Stable Perovskite-Organic Tandem Solar Cells Enabled by Chloride-Doped Evaporated Wide-Bandgap Perovskites
Abstract
Wide-bandgap perovskites are critical for achieving high-efficiency perovskite-based tandem solar cells, yet their practical deployment remains limited by stability challenges such as ion migration and halide phase segregation. Here, we demonstrate that introducing ~1% PbCl2 as a vapor-phase additive during thermal evaporation effectively stabilizes wide-bandgap perovskite devices. Detailed characterizations reveal strong chemical interactions between chloride anions and formamidinium cations, resulting in improved crystallinity and enhanced photoluminescence quantum yield.

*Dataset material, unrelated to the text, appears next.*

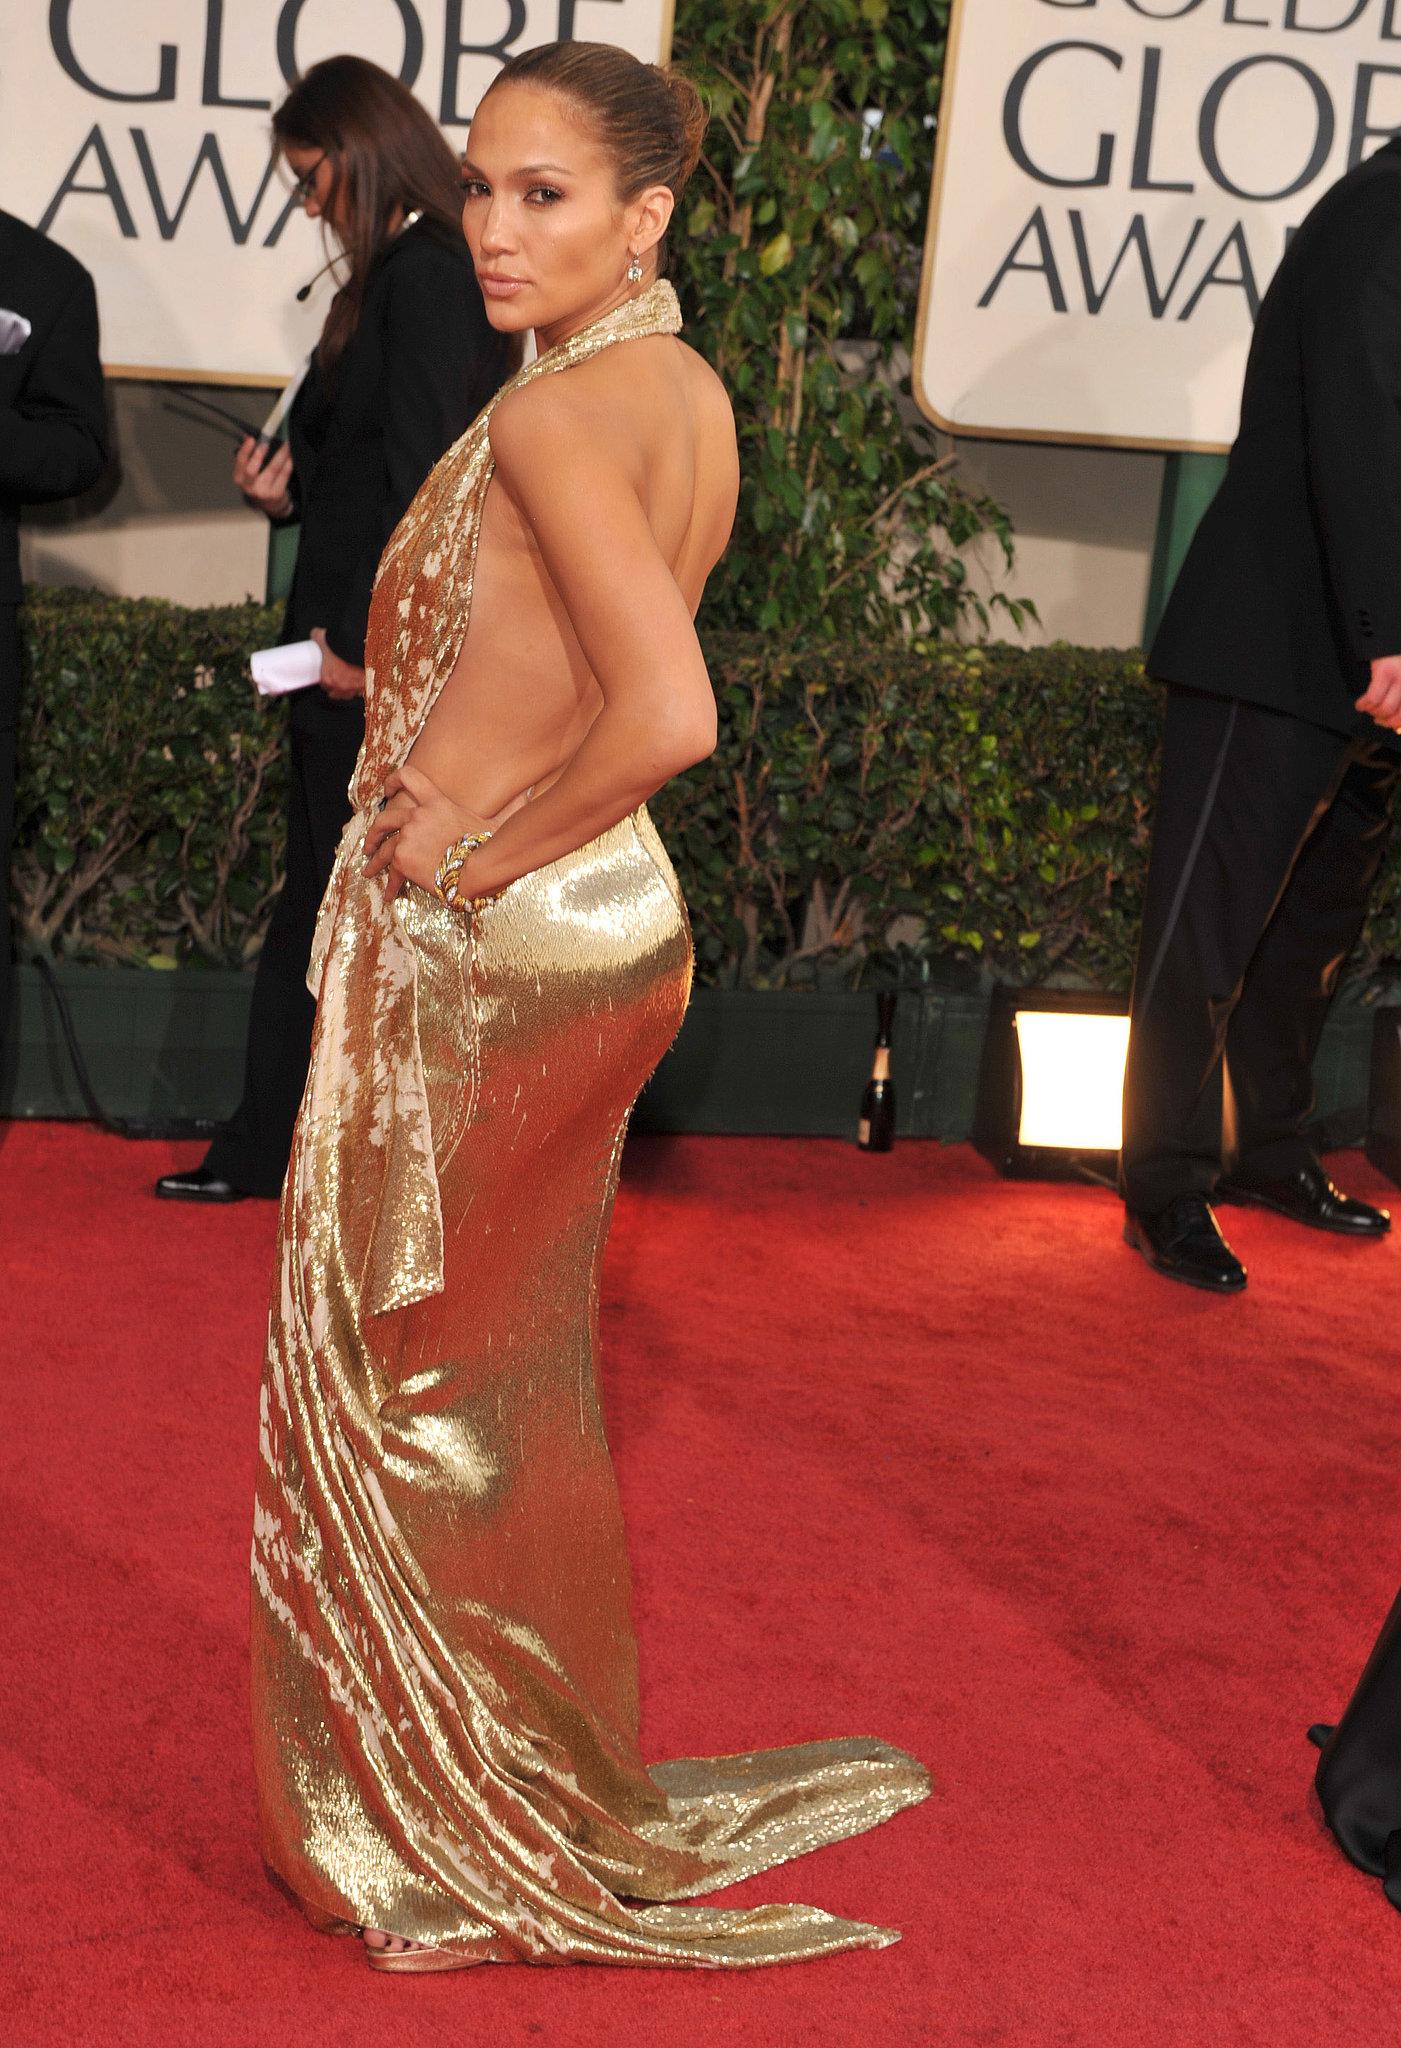 2009 J Lo S Sexiest Pictures Since The 90s Popsugar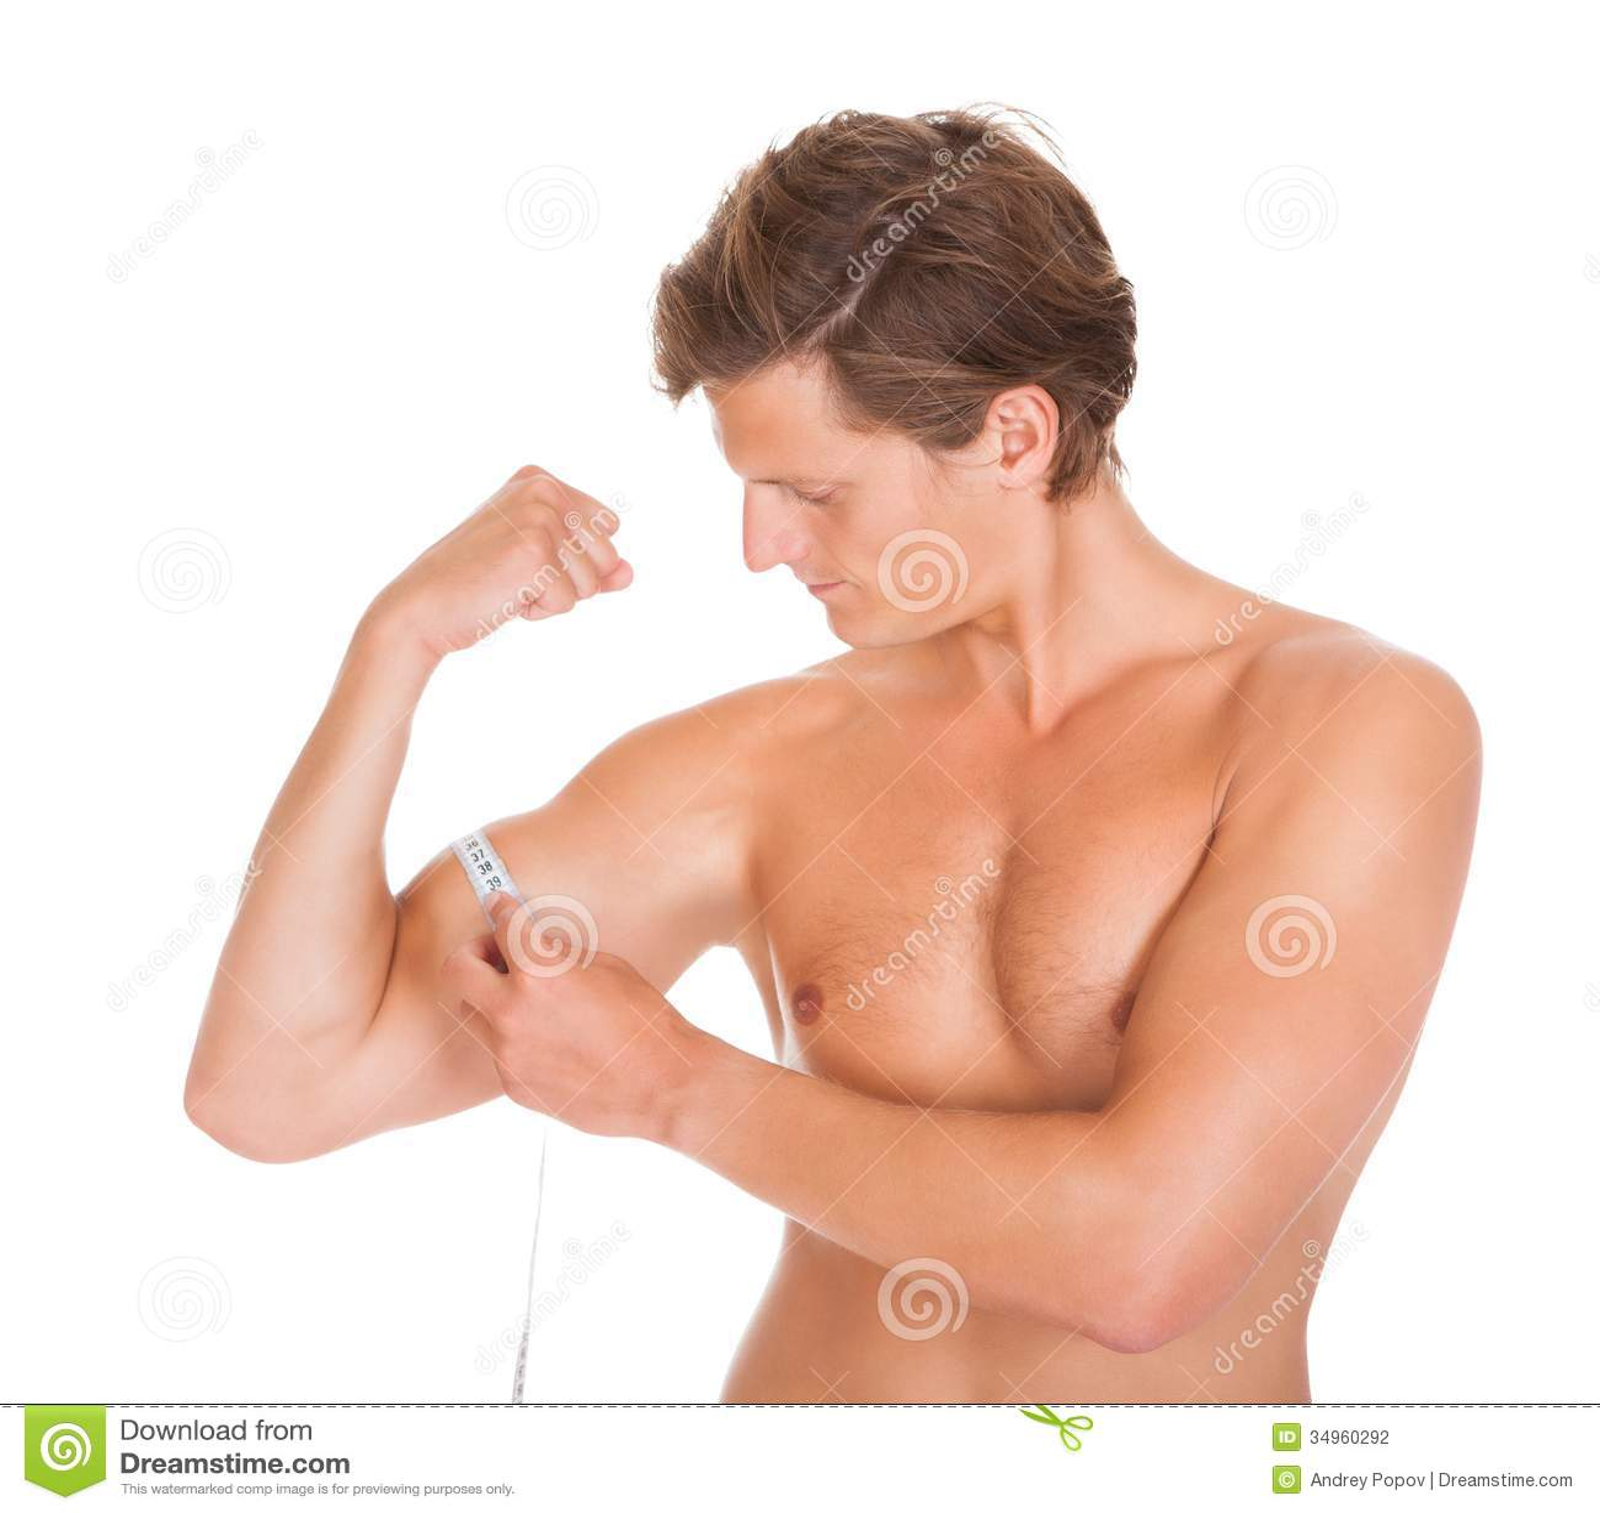 man measuring his biceps stock photography image 34960292. Black Bedroom Furniture Sets. Home Design Ideas

The Cl-doped wide-bandgap perovskite films exhibit suppressed halide phase segregation and mitigated ionic losses. As a result, a 1.75 eV single-junction perovskite cell achieves a T80 lifetime of 1,639 hours under continuous maximum power point tracking, along with improved efficiency and open-circuit voltage. When integrated with an organic subcell (PCE-10:P2EH-2V), the resulting perovskite-organic tandem solar cell achieves a power conversion efficiency of 24.86% and a maximum T80 of 1,979 hours, surpassing the stability of all the previously reported perovskite-organic and perovskite-perovskite tandem devices.